Essa semana eu volto com mais Café com Notícias.
Wander Veroni
Jornalista
13 comentários
Que matéria espetacular, em nosso pais e no mundo existem milhares de pessoas que passam por este problema, o 0800 depois de criado nos deu meios mais precisos para as buscas e pelas estatisticas apresentada, tem se mostrado muito eficaz. Parabéns nota 10.
ResponderExcluirAbraços forte
Parabéns pela brilhante reportagem, Wander! É uma ferida grande e que muitos evitam tocar.
ResponderExcluirAbraços
Parabéns. Adoro sites úteis como esse. Li a história inteira, muito intrigante e arrisco-me a dizer interessante. Achei incrível a notícia. Beijos
ResponderExcluirQue pauta é essa Wander? Simplesmente...sensacional!
ResponderExcluirO drama de Fabiana deve ser mesmo, muito mais comum do que nós imaginamos. Milhares de "Fabianas" vivem a mesma realidade. Porém, não nos atentamos ao fato, até que aconteça com alguém próximo a nós.
Espero sinceramente, que este blog consiga auxiliá-la nessa busca. Não deve ser fácil viver na incerteza e não saber a origem da própria vida.
É isso aí! Mais uma vez o Café com Notícias divulga algo, em benefício da sociedade.
Parabénss!
Oi Wander.
ResponderExcluirEstou sem net.
Justamente nas festividades do Café com Noticias não estou podendo acompanhar os brindes.
Sinto falta de estar aqui e em outros blogs queridos para comentar, mas daqui a pouco volto!!!
Beijos
Oi, Rê!
ResponderExcluirQue chato, hein! Estou aqui torcendo pela sua volta à blogosfera, viu! É muito ruim ficar sem internet, né!
Beijos :D
Olá Wander, venho anunciar que tem um selo esperando por você lá no meu blog Antenado!
ResponderExcluirUm abraço!
Muito bom o seu blog (de verdade)...
ResponderExcluirOlha, essa questão é realmente uma ferida da nossa sociedade, é triste dizer mais existem tantas "fabianas".
PARABÉNS!!!
:)
Abraços.
Adorei esta matéria, muito bem escrita!! Parabéns
ResponderExcluirExcelente reportagem Wander !

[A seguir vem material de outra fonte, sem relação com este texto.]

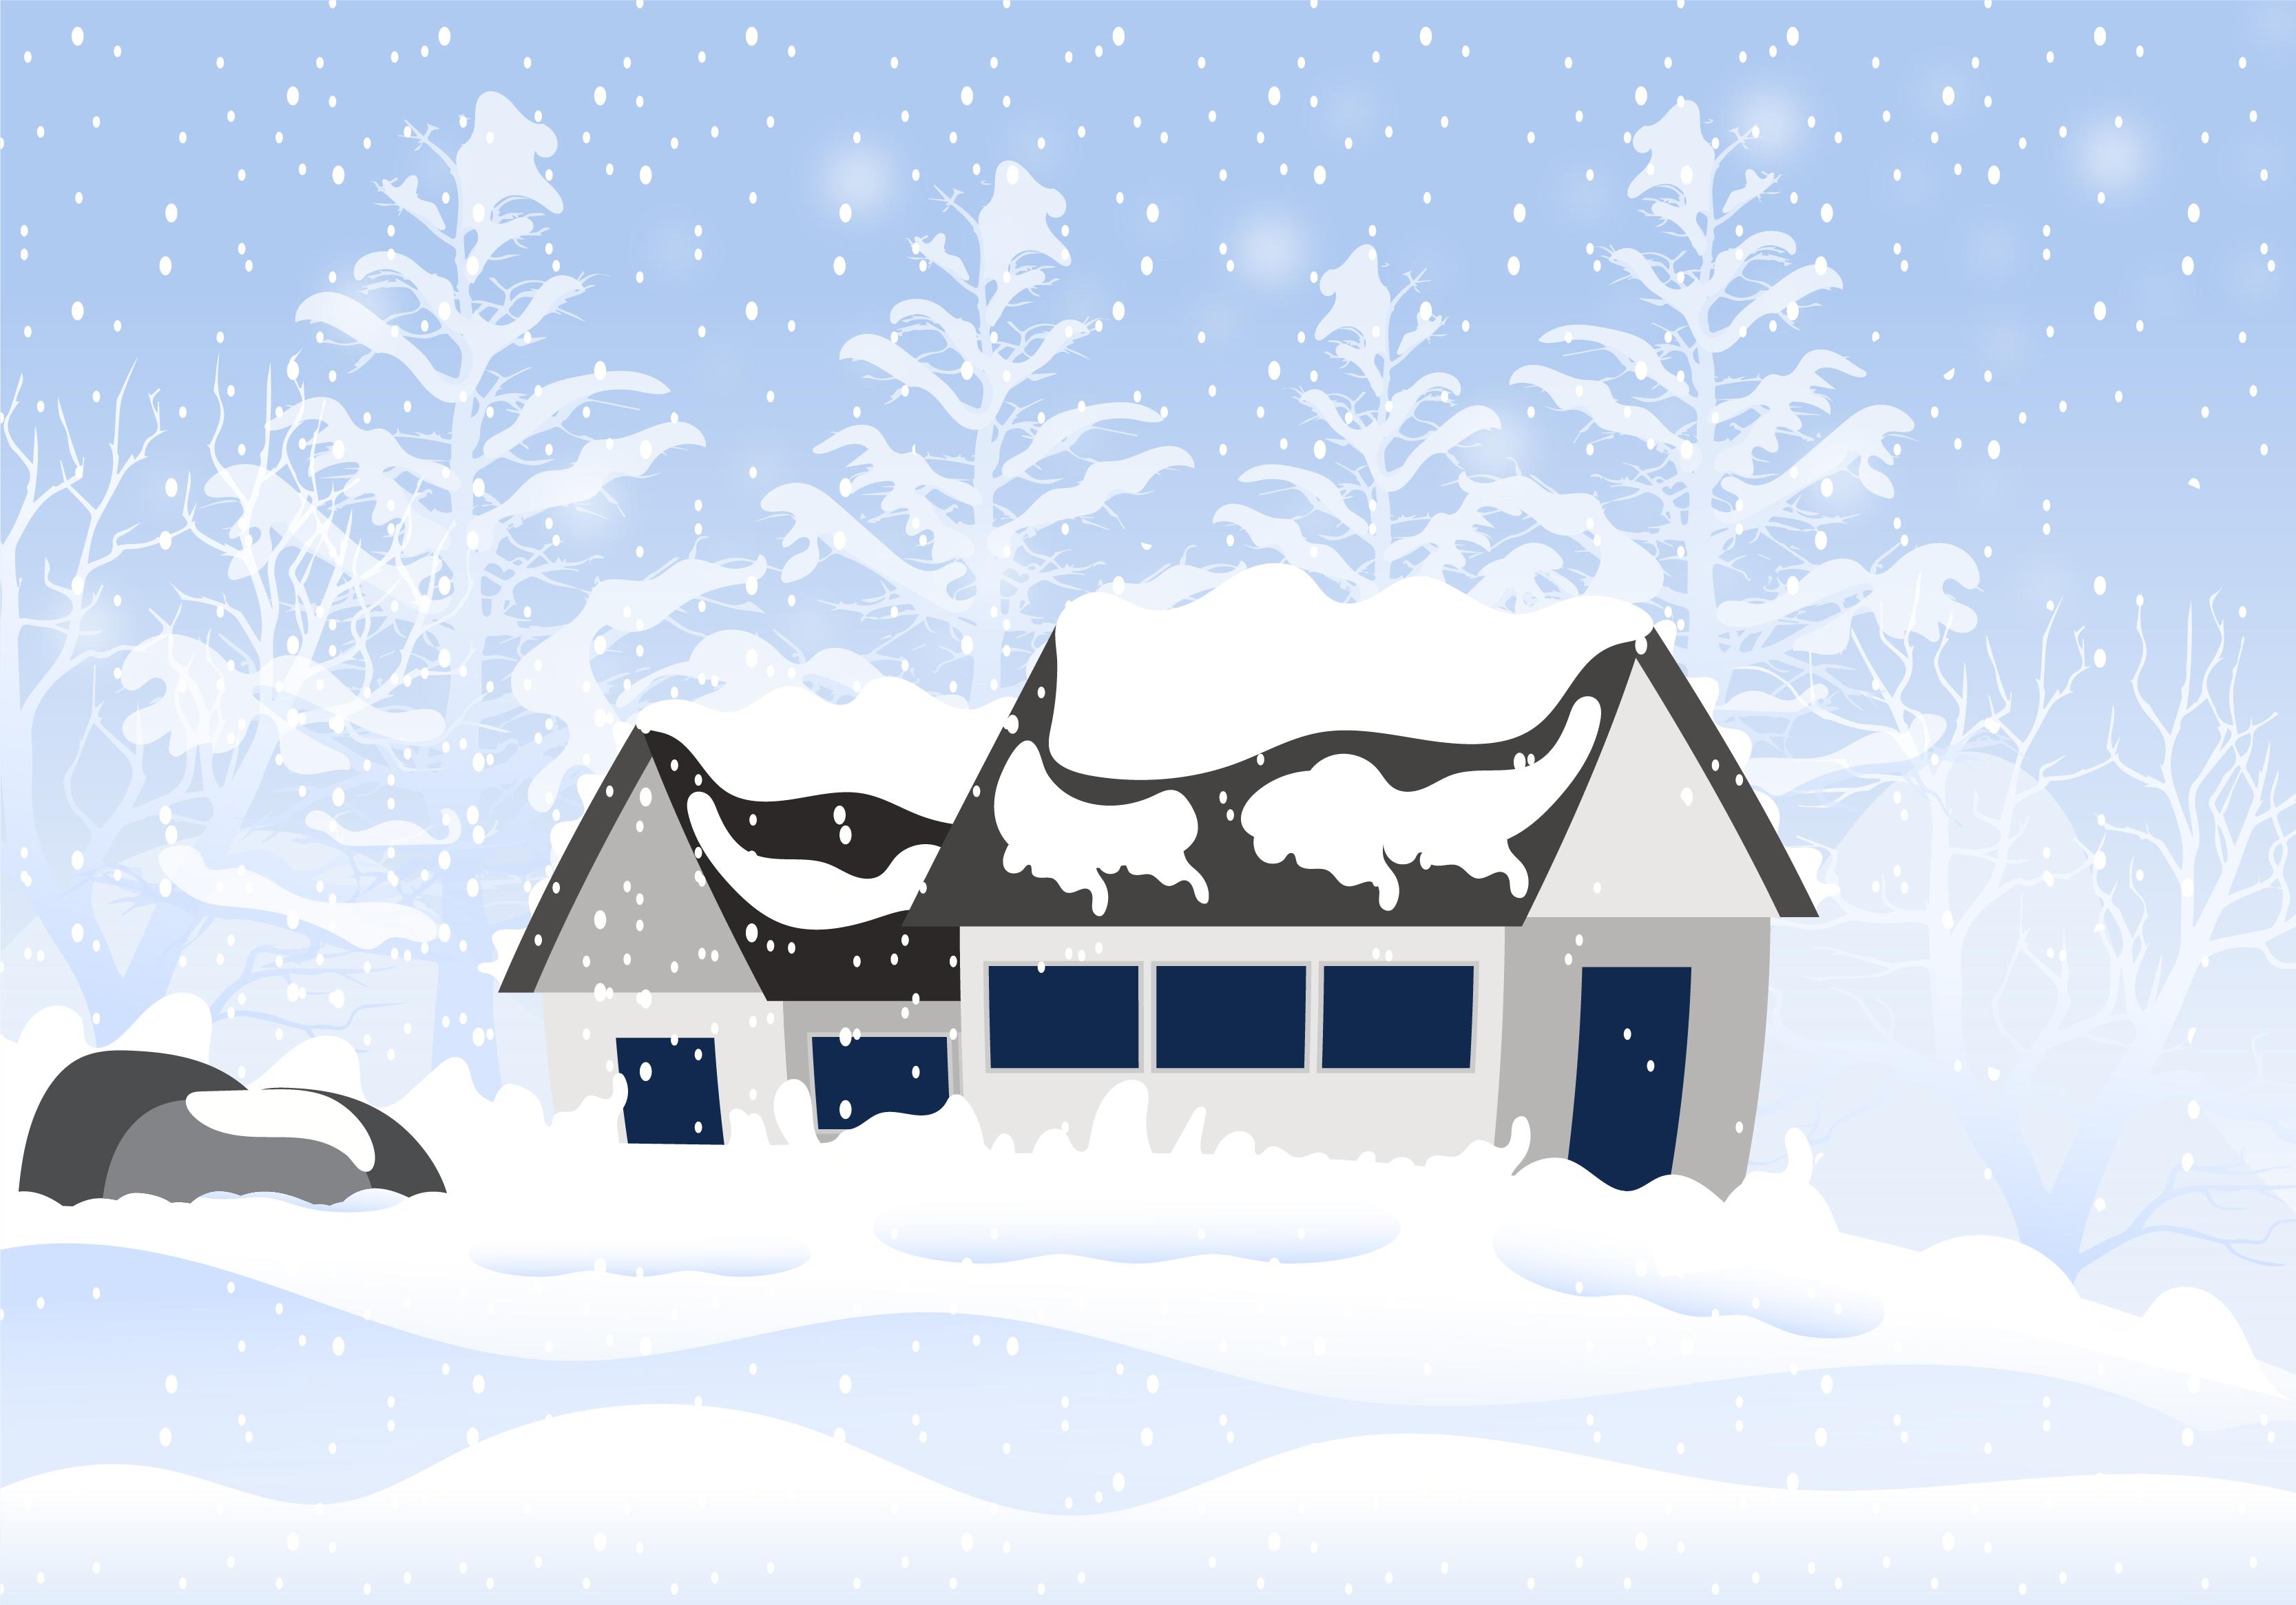 Snow Background Free Vector Art

ResponderExcluirParabéns pela sensibilidade e ética jornalística
Abraços
Mário Augusto
Veja em meu blog:
Busca e cadastro de pessoas desaparecidas:
http://alagoasreal.blogspot.com/2009/10/busca-e-cadastro-de-pessoas.html
MDP Search : Busca por mortos , desaparecidos políticos e direitos humanos :
http://alagoasreal.blogspot.com/2009/10/mdp-search-busca-por-mortos.html
Gostei muito desta matéria.A luta de Fabiana*é realmente comovente e muito emocionante.Espero que ainda tenha a felicidade de encontrar os pais biológicos.Ao mesmo tempo fico imaginando como seria emocionante reencontrar meu irmão gemeo,que saiu de casa a uns 30 anos atraz,após uma discussão com meu pai.Especialmente para minha mãe,aos 70 anos seria muito emocionante.
ResponderExcluirOi sou responsavel pelo site http://www.acharpessoas.com/ e achei este artigo sensacional e muito comovente, Depois de passar por esse problema na pele e não encontrar muita informação a respeito resolvi por criar este site, realmente recebo milhares de email de pessoas pedindo para ajudar a procurar pessoas todos os dias, sinto que não tenho como ajudar mais mas fico contente e ver outros sites que disponibilizão informação a respeito. Parabéns
ResponderExcluirNossa, otimo artigo Wander!